INSTANT

GIBRAN KHALIL GIBRAN

January 6, 1883- april 10, 1931.

A lebanese artist, poet and writer. born in the city of Bcharre in north lebanon before emigrating with his family to the United-States where he studied art and began his literature career.

He is mostly known for his 1923 book: "the Prophet", that sold, despite a cool critical reception, and became extremely popular in 1960's counterculture.

BIOGRAPHY

Gibran was born in the Christian Maronite town of Bsharri northern Lebanon. He did not receive any formal schooling during his youth. However, priests visited him regularly and taught him about the Bible, as well as the Arabic and Syriac languages.

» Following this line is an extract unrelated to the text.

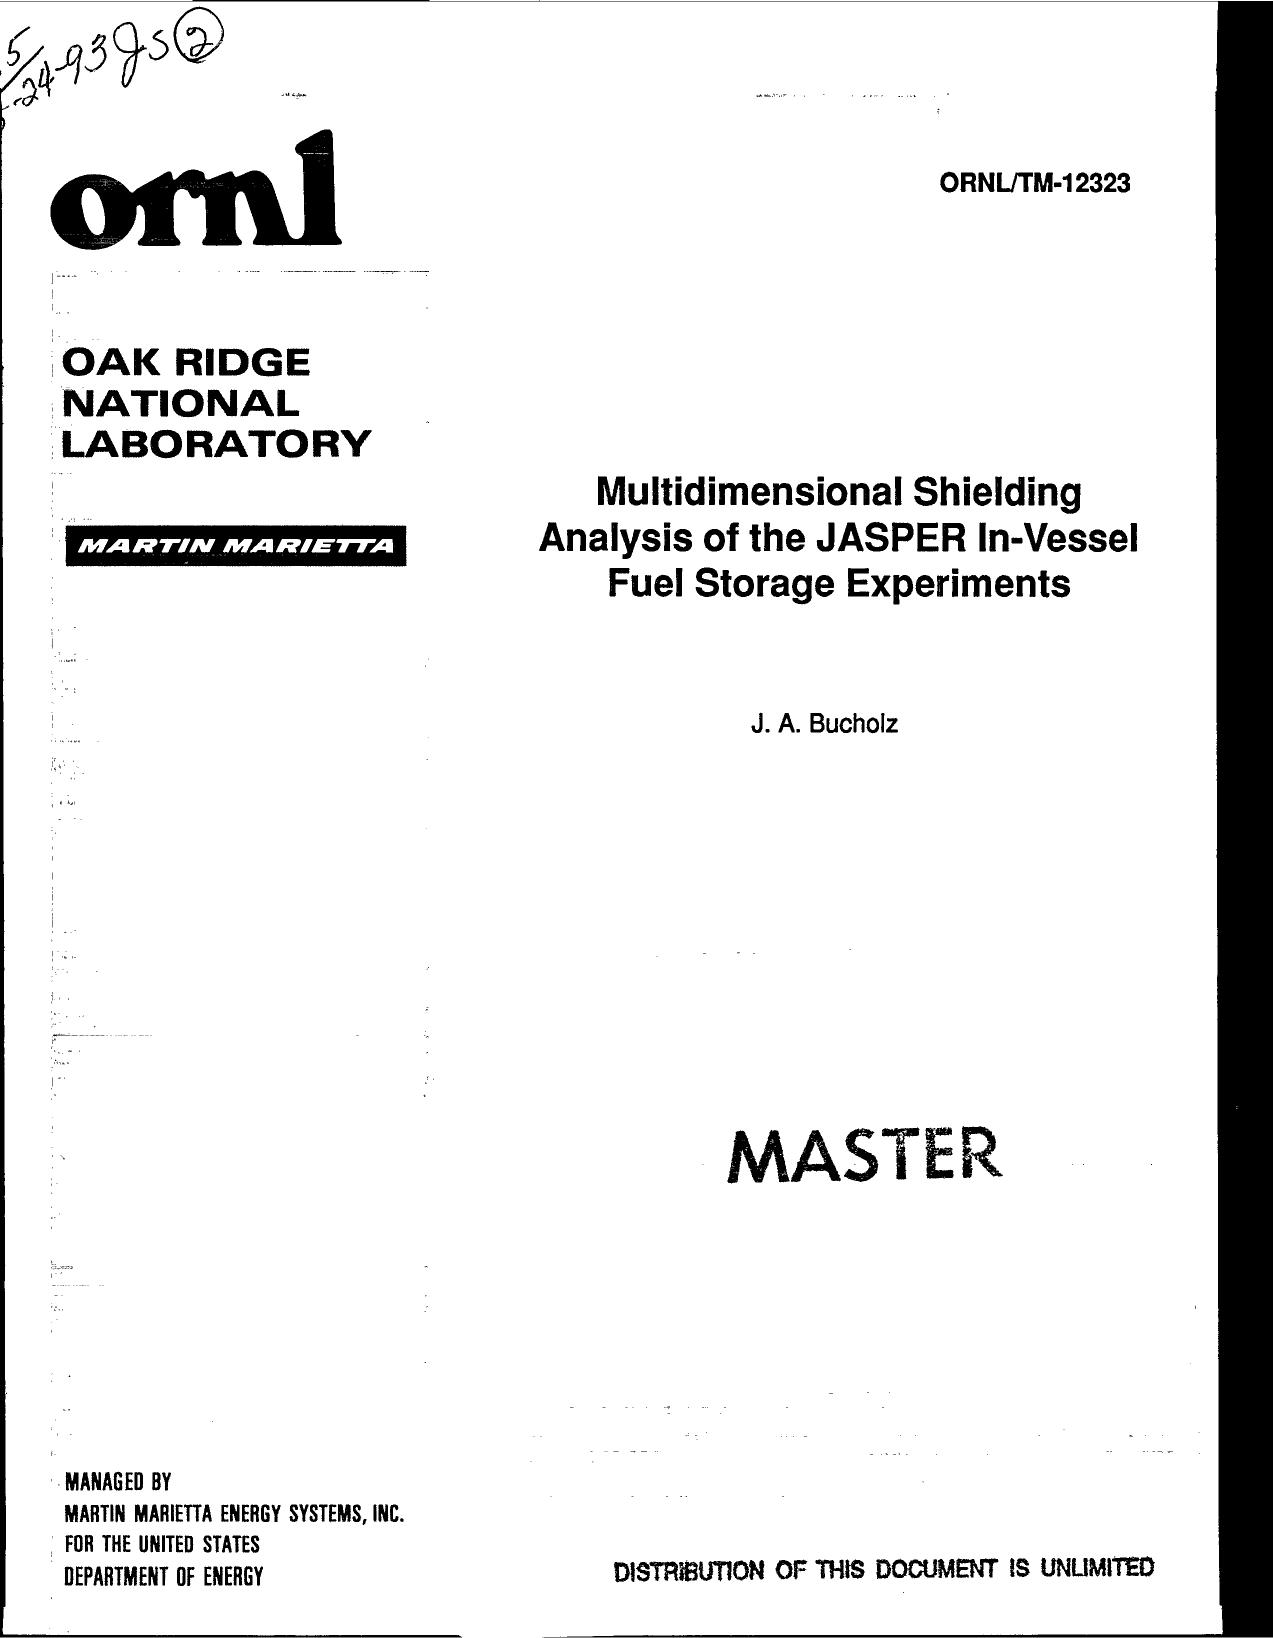 Multidimensional shielding analysis of the JASPER in-vessel fuel storage experiments (Bucholz etc.)—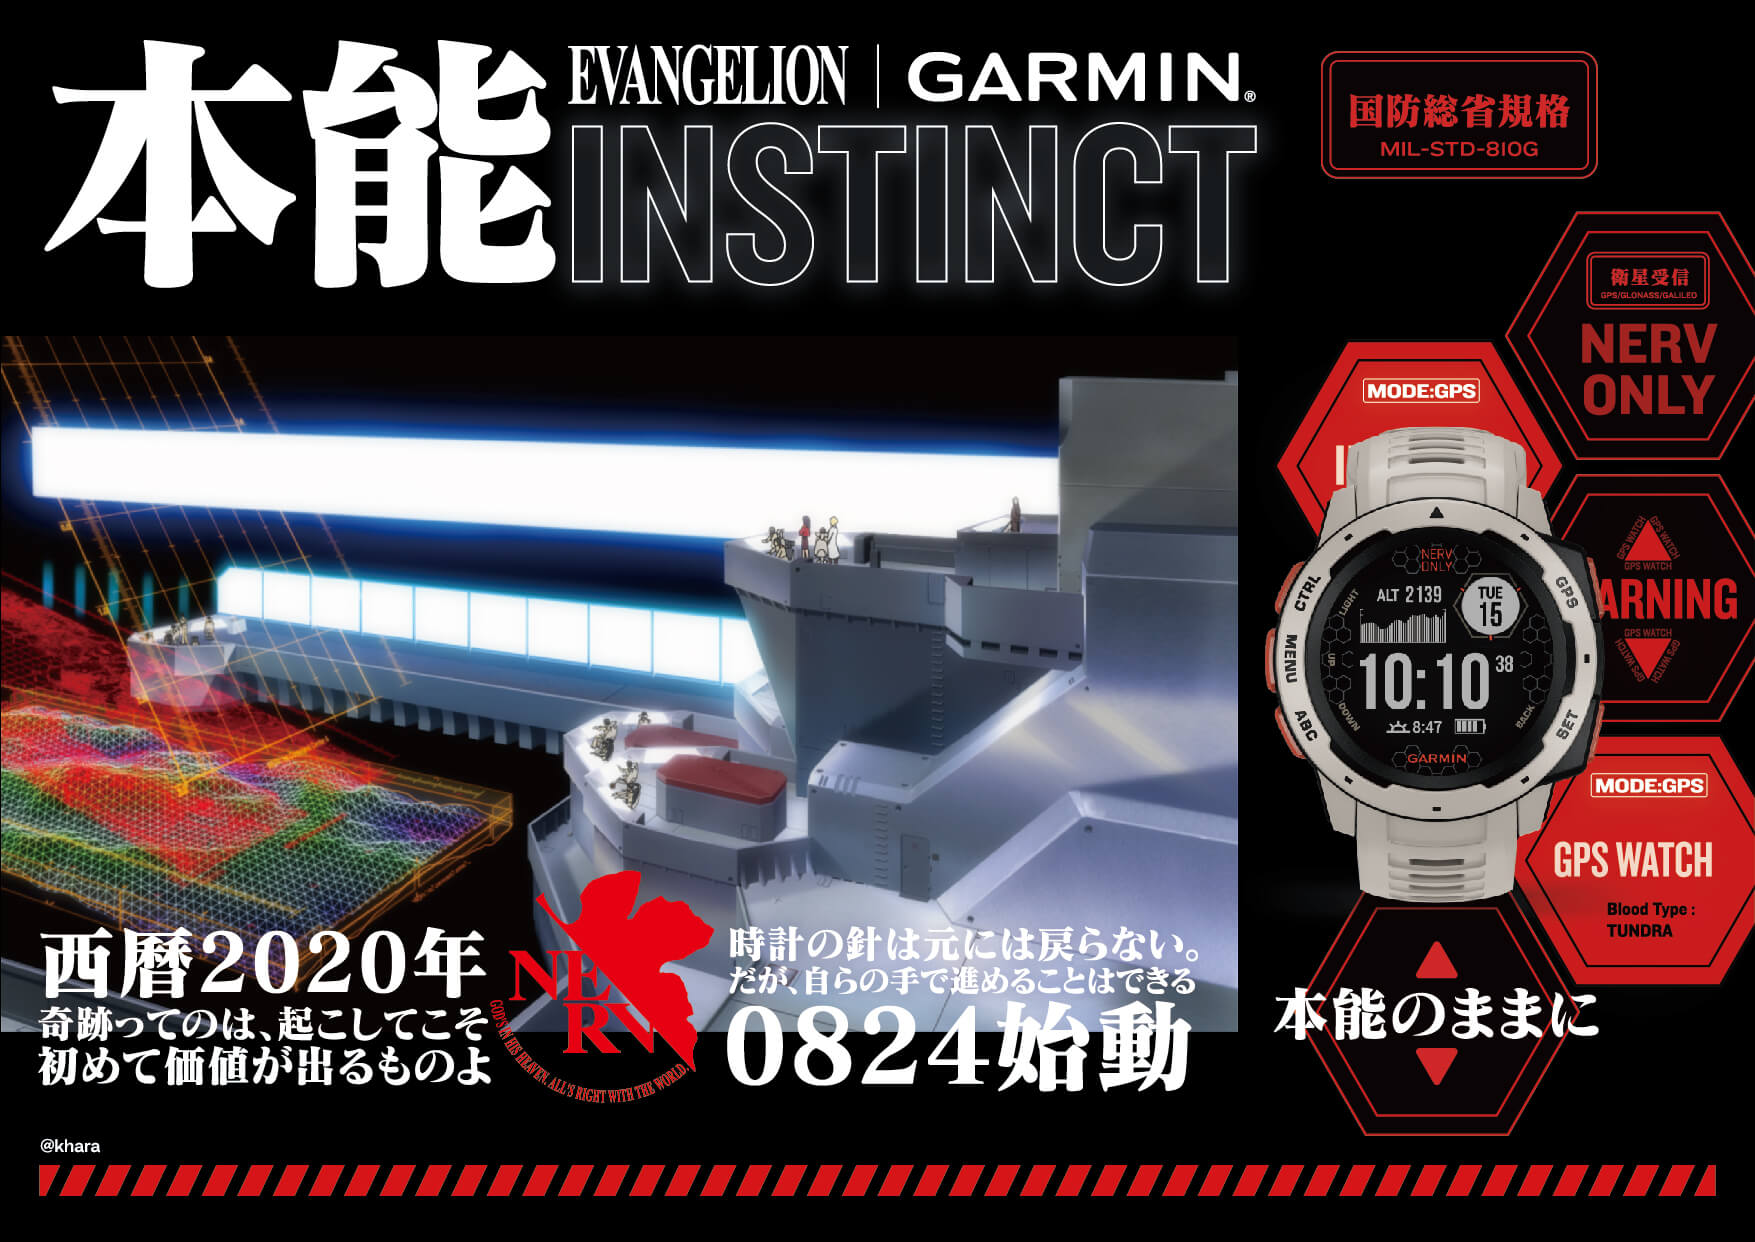 Instinct Evangelion | アウトドア | 製品 | Garmin | Japan | Home

Gibran's father initially worked in an apothecary but, with gambling debt he was unable to pay, he came to work for a local Ottoman-appointed administrator. Because of extensive complaints by angry subjects, the administrator was removed and his staff came under investigation in 1891. The elder Gibran went to prison for alleged embezzlement, and Ottoman authorities confiscated his family's property. Without a home, Gibran's mother decided to follow her brother and emigrate to the United States. Kamila Gibran remained resolved and, along with Khalil, his younger sisters Mariana and Sultana, and his elder half-brother Peter all left for New York on June 25, 1895.

The Gibrans settled in Boston's South End, at the time the second largest Syrian/Lebanese-American community in the United States. His mother began working as a seamstress peddler, selling lace and linens that she carried from door to door. Gibran started school on September 30, 1895. School officials placed him in a special class for immigrants to learn English. Gibran also enrolled in an art school at a nearby settlement house. Through his teachers there, he was introduced to the avant-garde Boston artist, photographer, and publisher Fred Holland Day, who encouraged and supported Gibran in his creative endeavors. A publisher used some of Gibran's drawings for book covers in 1898.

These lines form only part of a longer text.